Dataset excerpt.
***

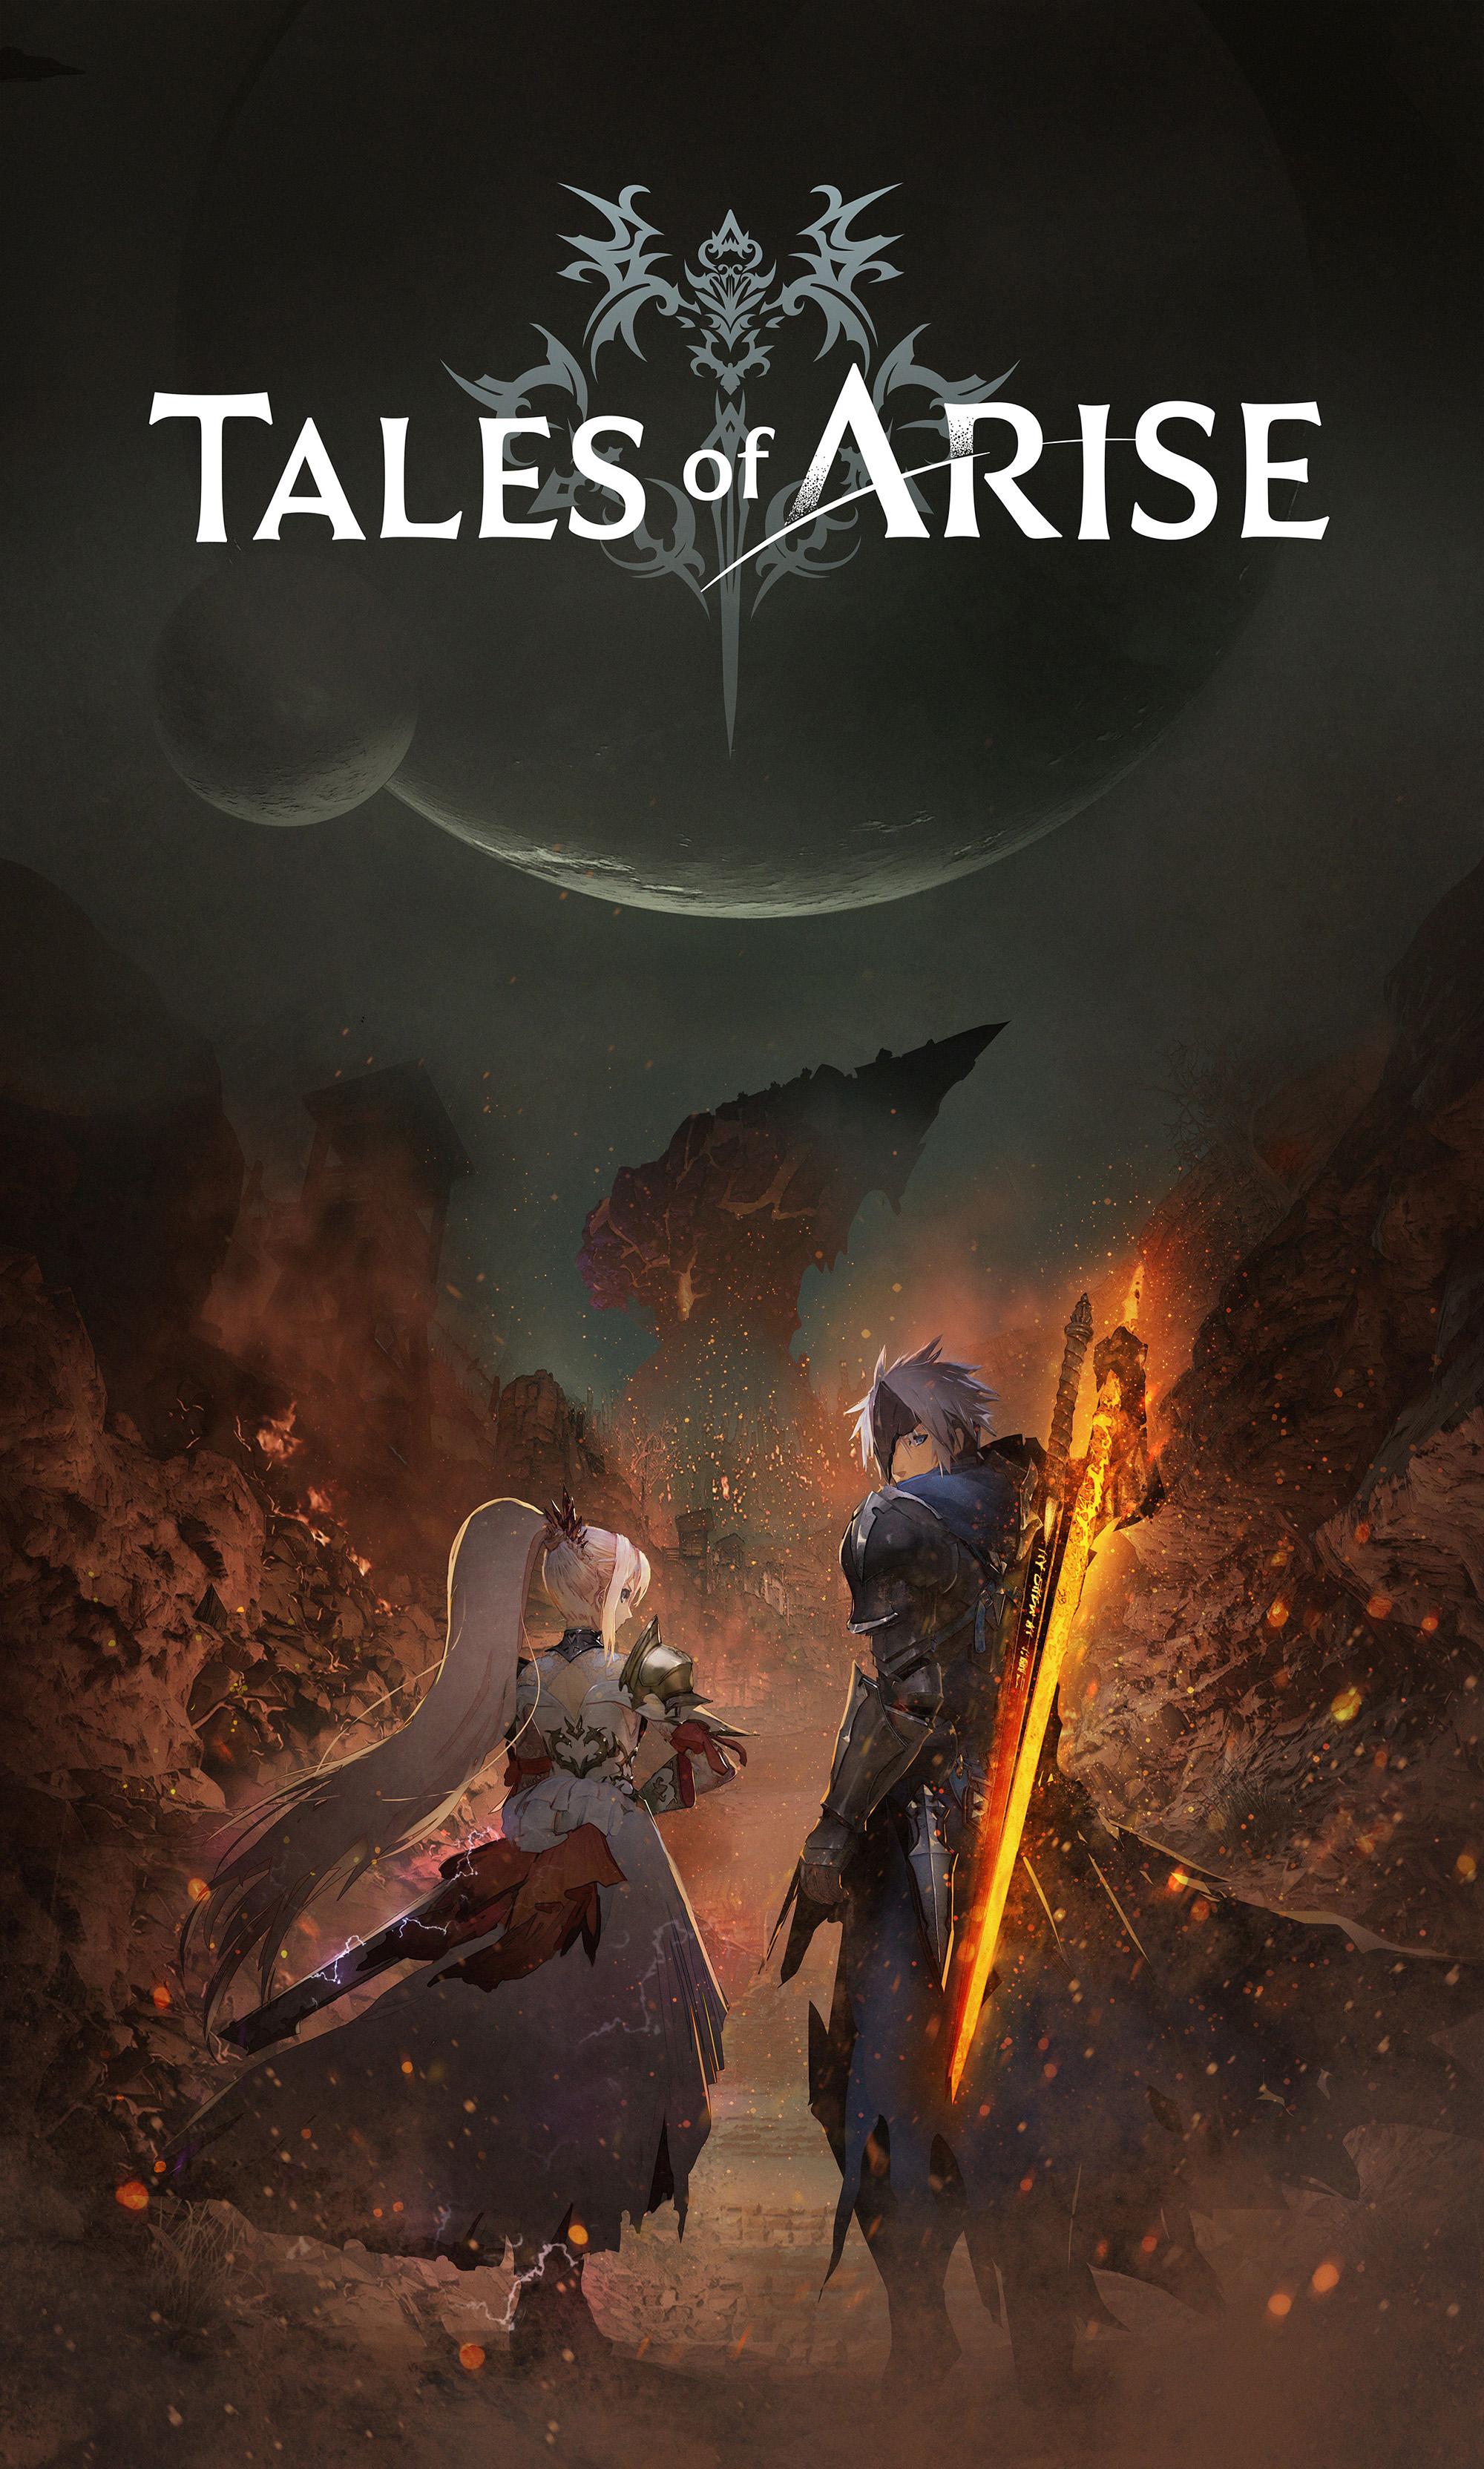 Tales of Arise Key Visual
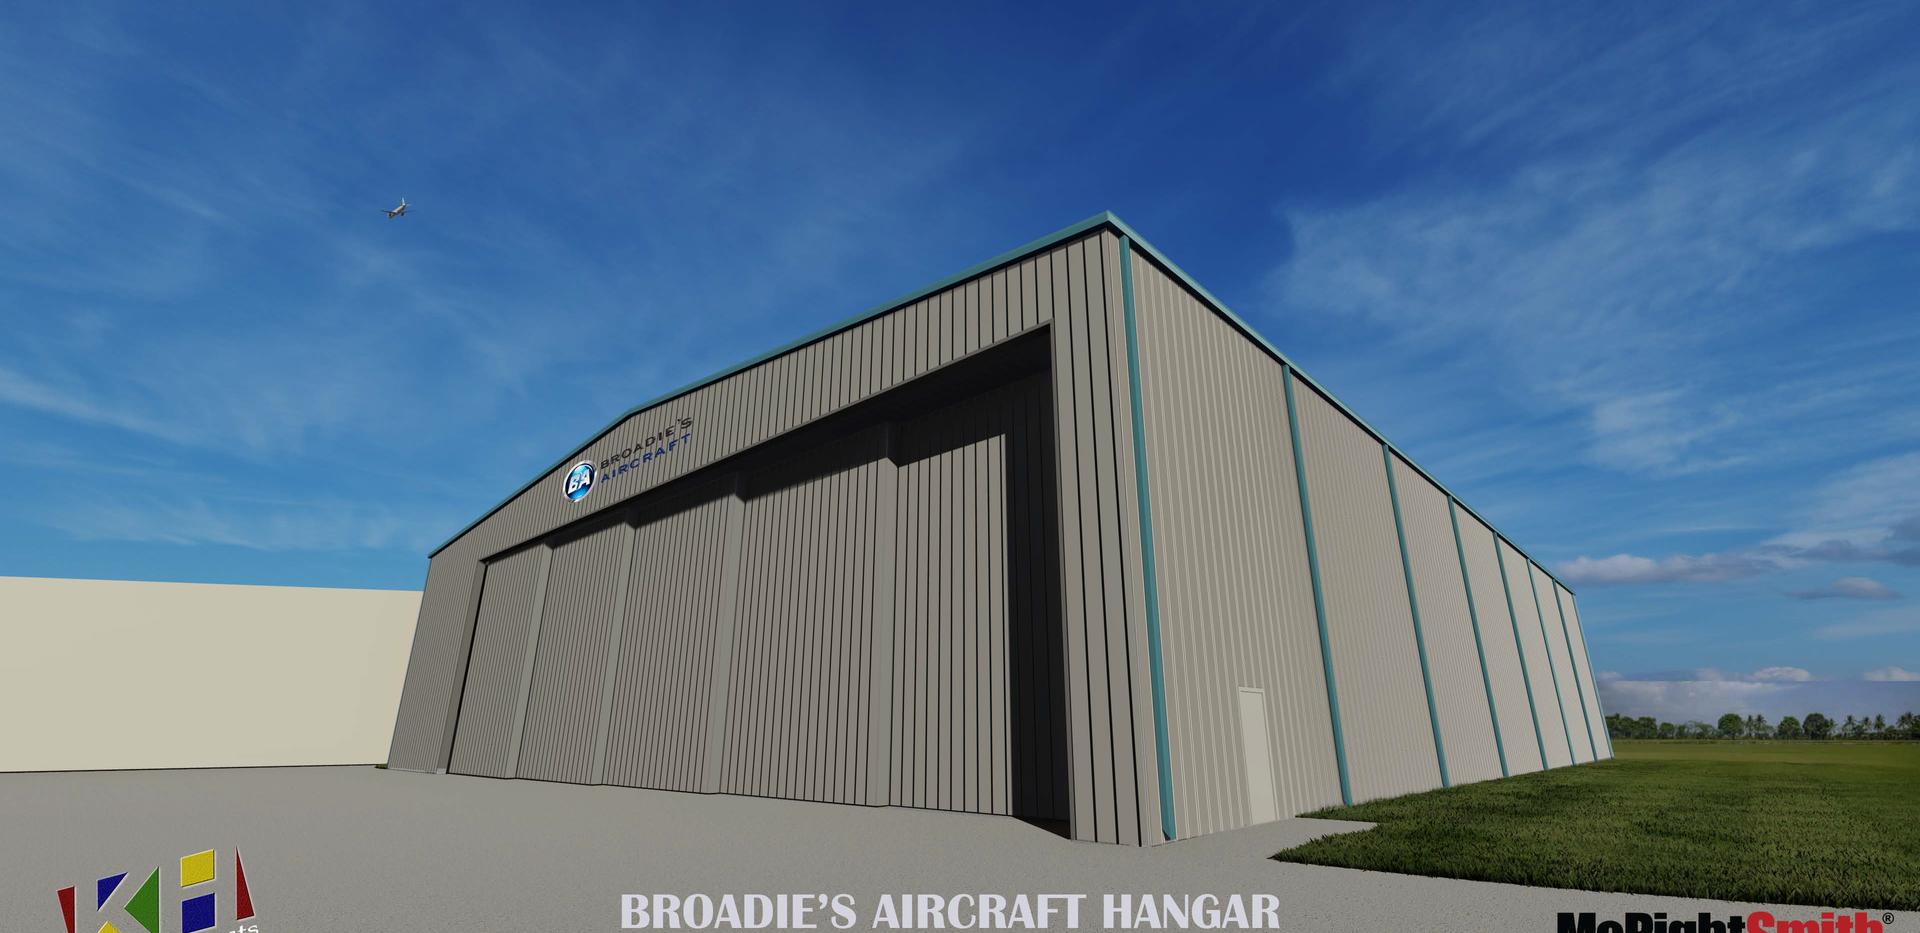 Broadie's Aircraft
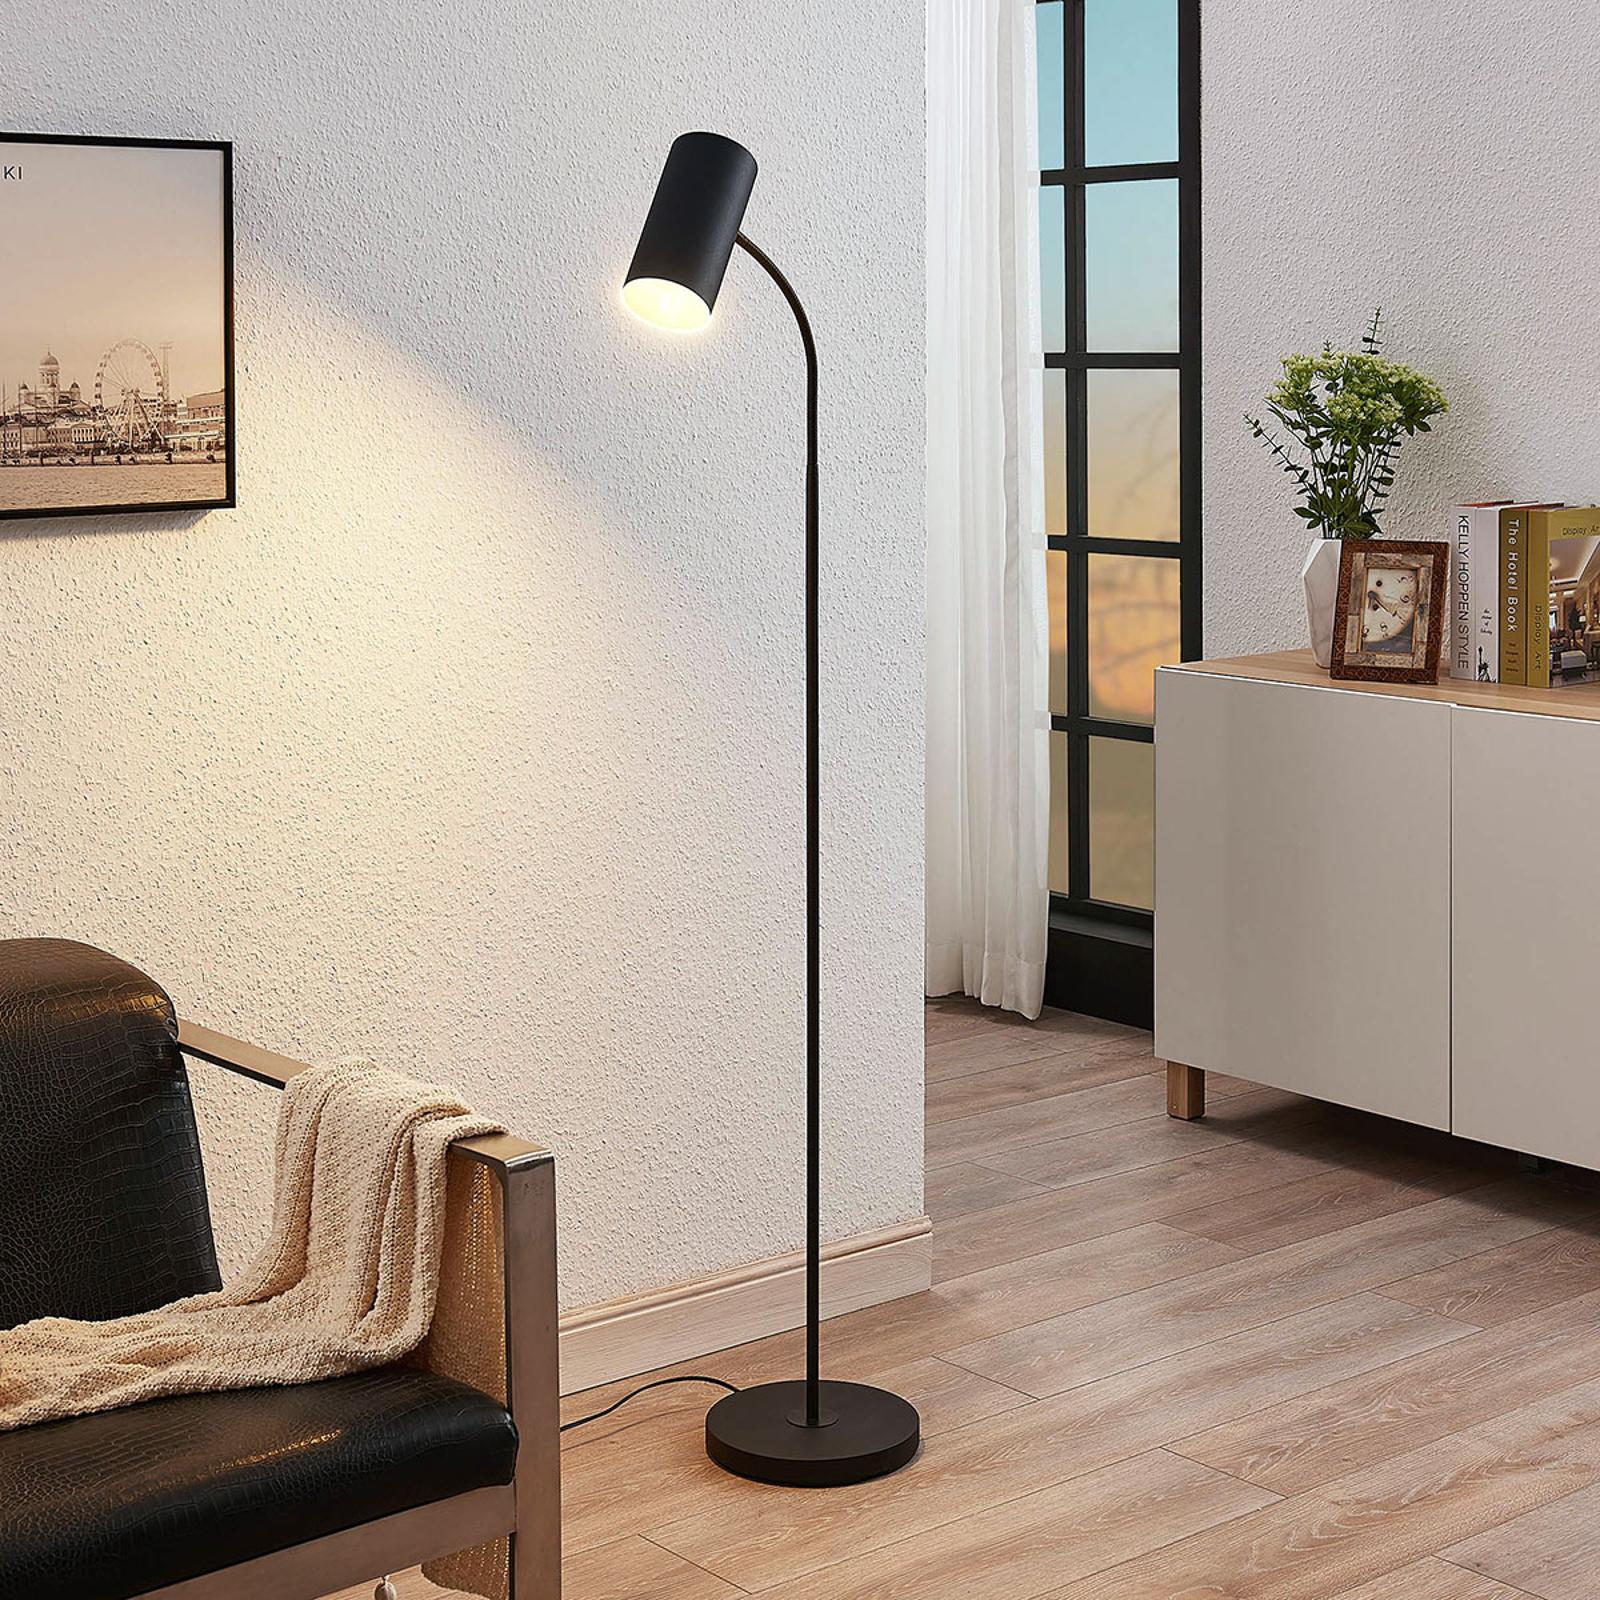 Stojací lampa Karoli s flexibilním ramenem v černé

***

Task statement. Give back the entire listing verbatim, without the pictures.

Written solution.
 Tales of Arise Key Visual
 Broadie's Aircraft
 Stojací lampa Karoli s flexibilním ramenem v černé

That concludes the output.